As his reputation spread, leading Kannada movie producers started lining up at his home to meet him. On one such occasion, a big name in the industry taunted him, saying people like him were fit only to finance movies: they didn't understand acting. Here was a challenge and Nanjundi took it on. "I said: 'I have no reputation to lose. I come from a slum, not from the family of any big actor'. Today, I deliver the most lengthy and difficult dialogues in a single shot which, I am sure, not many professional actors can." 

Proud of his success, the goldsmith community declared him its leader, and anointed him as President of Akhila Karnataka Vishwakarma Mahasabha. "As much as developing his own business, he has done remarkable work for the welfare of his community," says Oscar Fernandes, Union Minister for Road Transport and Highways, who has known Nanjundi for 10 years. Nanjundi was sailing through life blissfully until a road mishap hit him 10 years ago. Travelling with three Mahasabha members in Karnataka's Davanagere district, Nanjundi's car collided with a lorry. The driver survived, but three co-passengers died. A private chopper airlifted Najundi to a corporate hospital in Bangalore, the first such incident in Karnataka, recalls Ravi Hegde, Editor of Kannada daily Udayavani.

"I was in the ICU for a week with my body barely covered with a sheet. At that time, no one from the movie industry came to see me, and those who had borrowed money from me were happy to hear rumours that I was dying. I stopped my lending business after that." Eight years ago, Nanjundi entered the jewellery trade. His ad campaign in newspapers and TV channels claims to sell jewellery with the lowest wastage, and has boosted his business. 

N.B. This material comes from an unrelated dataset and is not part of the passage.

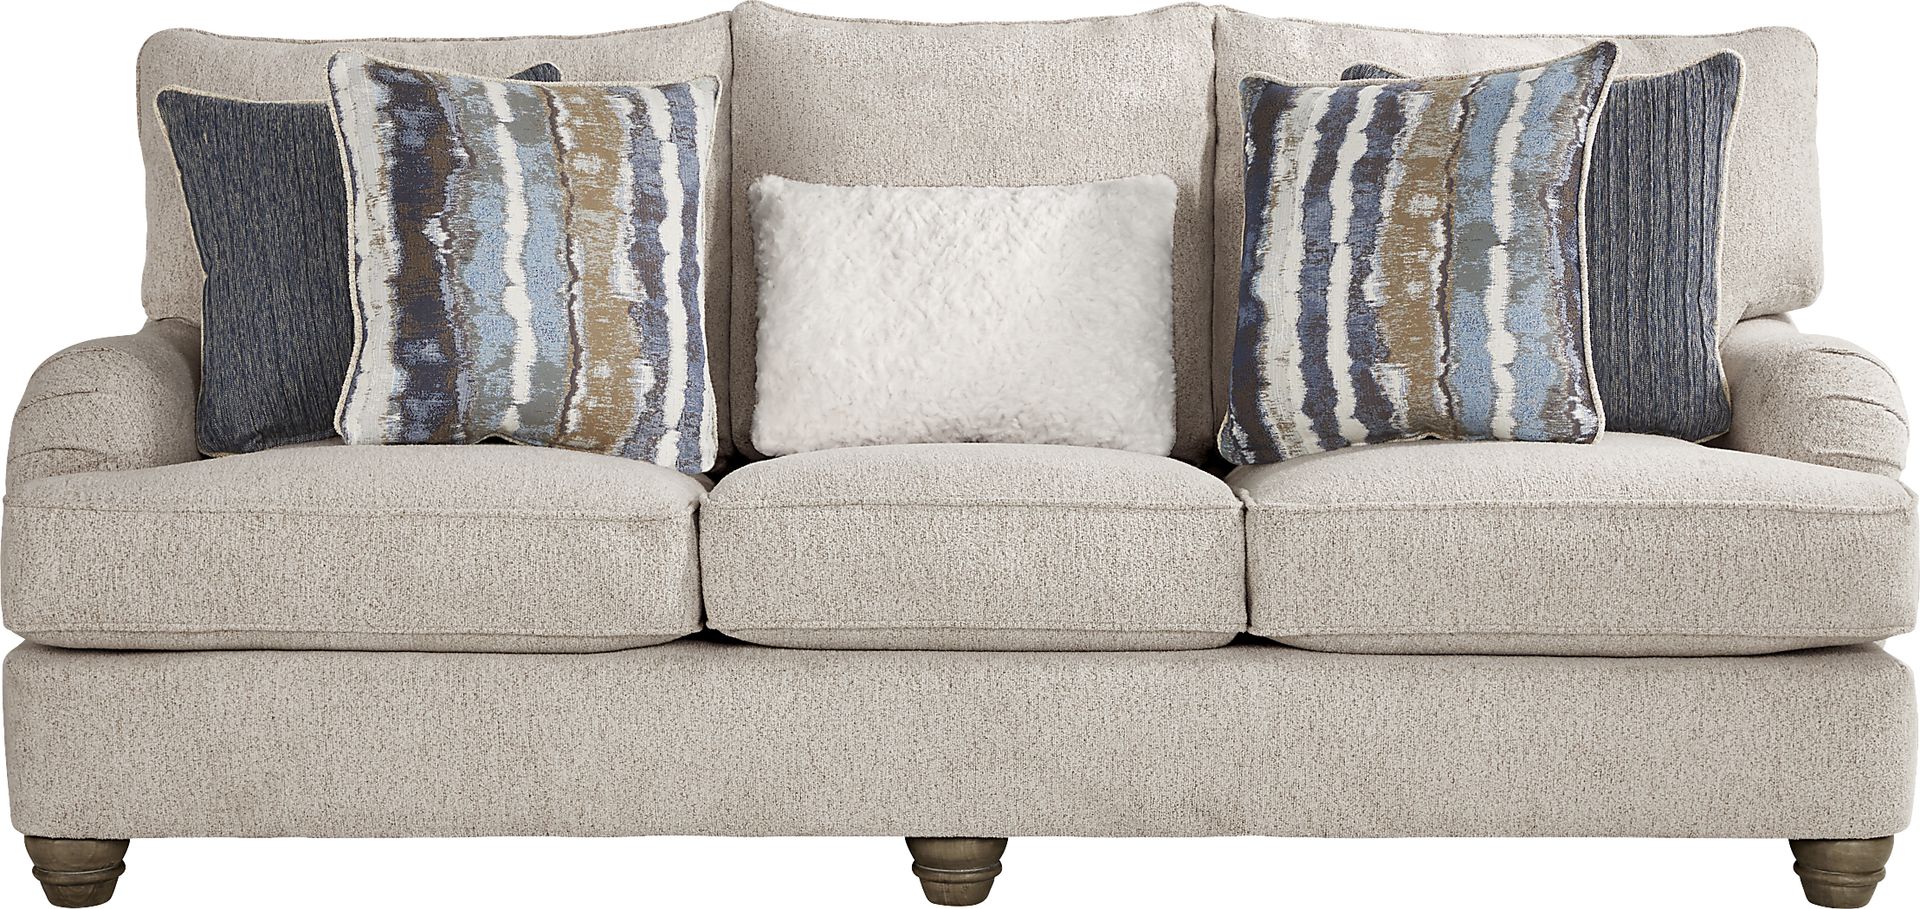 Beverly Glen Beige Chenille Fabric Sofa | Rooms to Go
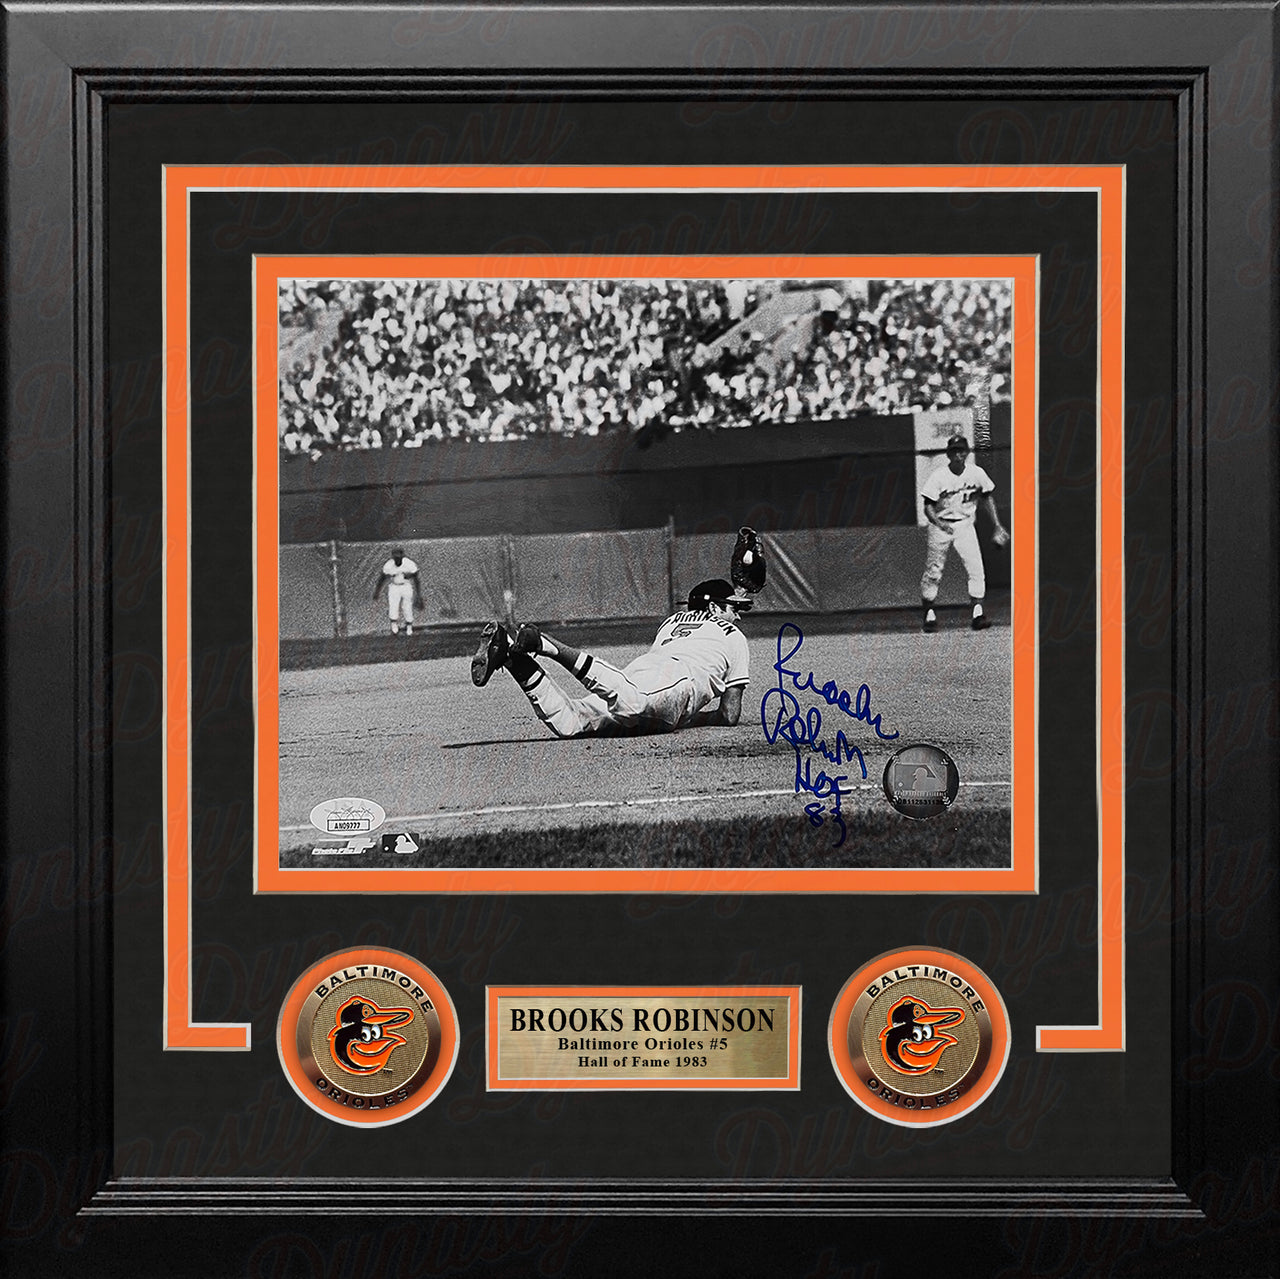 Brooks Robinson Diving Catch Baltimore Orioles Autographed 8" x 10" Framed Baseball Photo

People who have watched his rise explain his success - his movie funding and distribution business gave him robust returns. He collected fat 'royalties' for the movies he funded. Nanjundi entered gold trade in a boom period of gold consumption, and one was yet to hear the word slowdown. "Corporation Bank supported me in my ventures, and the funds for my future ventures will come from a clutch of banks," he says. "I have been raided twice by income tax officials, but they found no major lapse in my business."